Johann Mitlöhner, 2014
SQL (often pronounced sequel) is the query language supported by all major relational database management systems (DBMS). It includes a DDL (data definition language).
There is a lot of effort to standardize SQL; however, both commercial and free DBMS offer many convenient extensions. For any non-trivial application the choice of DBMS is still a long-term commitment.
PostgresQL is a free and Open Source DBMS. It is available for all major operating systems. On major Linux distributions the package postgresql is available via the package manager; the client program can be started on the command line (in a terminal window) be entering
psql
To save typing the passwort every time edit the file .pgpass in your home directory and insert this line:
*:*:*:yourdbuserid:yourdbpasswd
On the command line issue the following command (for moderate security):
chmod go-r .pgpass
We plan to implement a very simple shopping cart system. During discussions with key users (who have a better than average understanding of the processes) we arrive at the following ER-Diagram:
Customers place orders; each order contains one or more items, and each item refers to exactly one product. After some more discussion with the key users we learn the essential attributes of the enitities. In the database we define the following tables:
The ITEM table will be used for shopping cart items and order items: products are added via the web browser anonymously, using the session id. When an order is placed the customer id is requested, the ORDR field is set to a newly generated order number, and the SESS field is set to NULL. These steps can be implemented in various manners, e.g. via the PHP module of the Apache web server.

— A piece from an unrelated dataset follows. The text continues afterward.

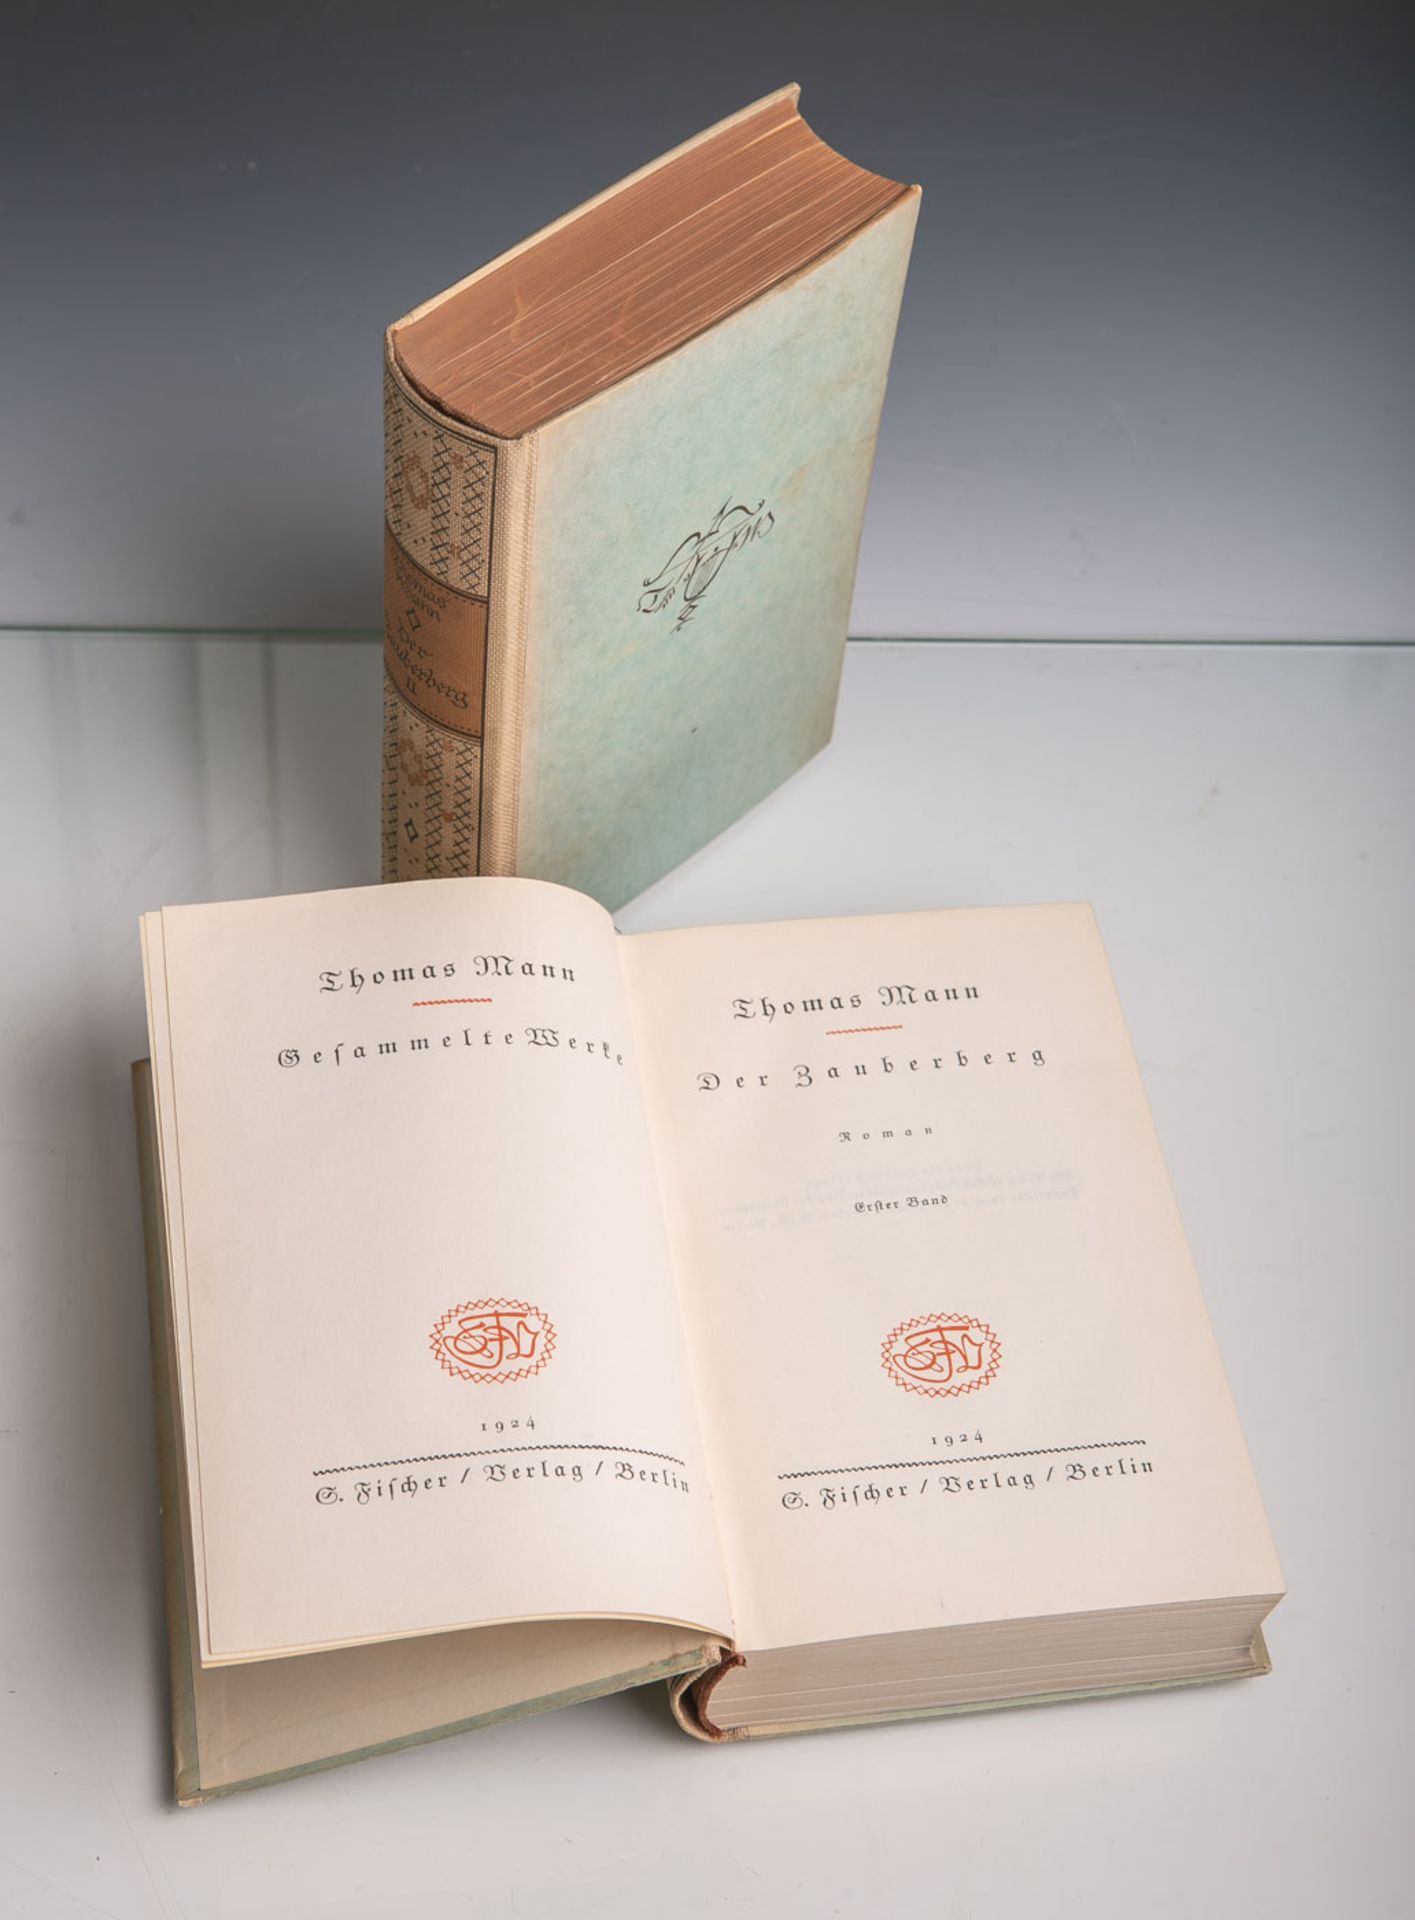 Mann, Thomas (Hrsg.), "Der Zauberberg", Roman in 2 Bänden, Fischer Verlag, Berlin 1924,578/629 S.
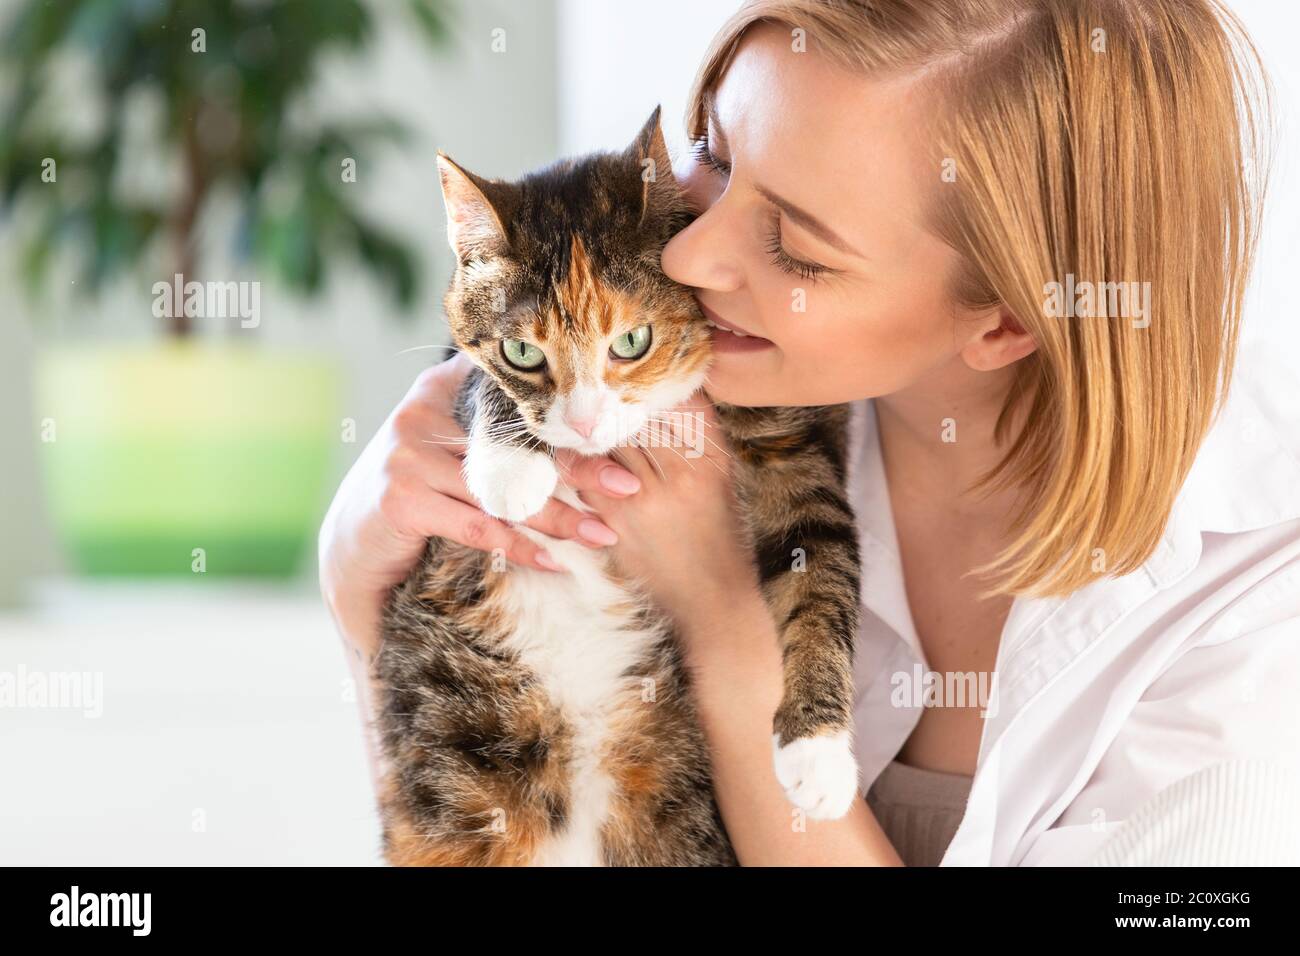 Primo piano di donna sorridente in camicia bianca baciando, abbracciando, abbracciando con tenerezza e amore gatto domestico in casa. Amore per gli animali, concetto di animali domestici Foto Stock

The table is the basic object in a relational database. It consists of columns with names and datatypes:
create table cust ( id varchar(80) primary key, name varchar(80), address varchar(80), email varchar(80), pw varchar(80) );
The PRIMARY KEY
The datatype VARCHAR(80)
Recommended characters in table names and column names are a-z, A-Z, 0-9, and _. Any other characters should not be used, even if they seem to work within Postgres; otherwise, integration with components such as PHP and R will yield some nasty surprises.
Do not use German umlauts in table names or column names!
Note that text must be enclosed in (straight single) quotes.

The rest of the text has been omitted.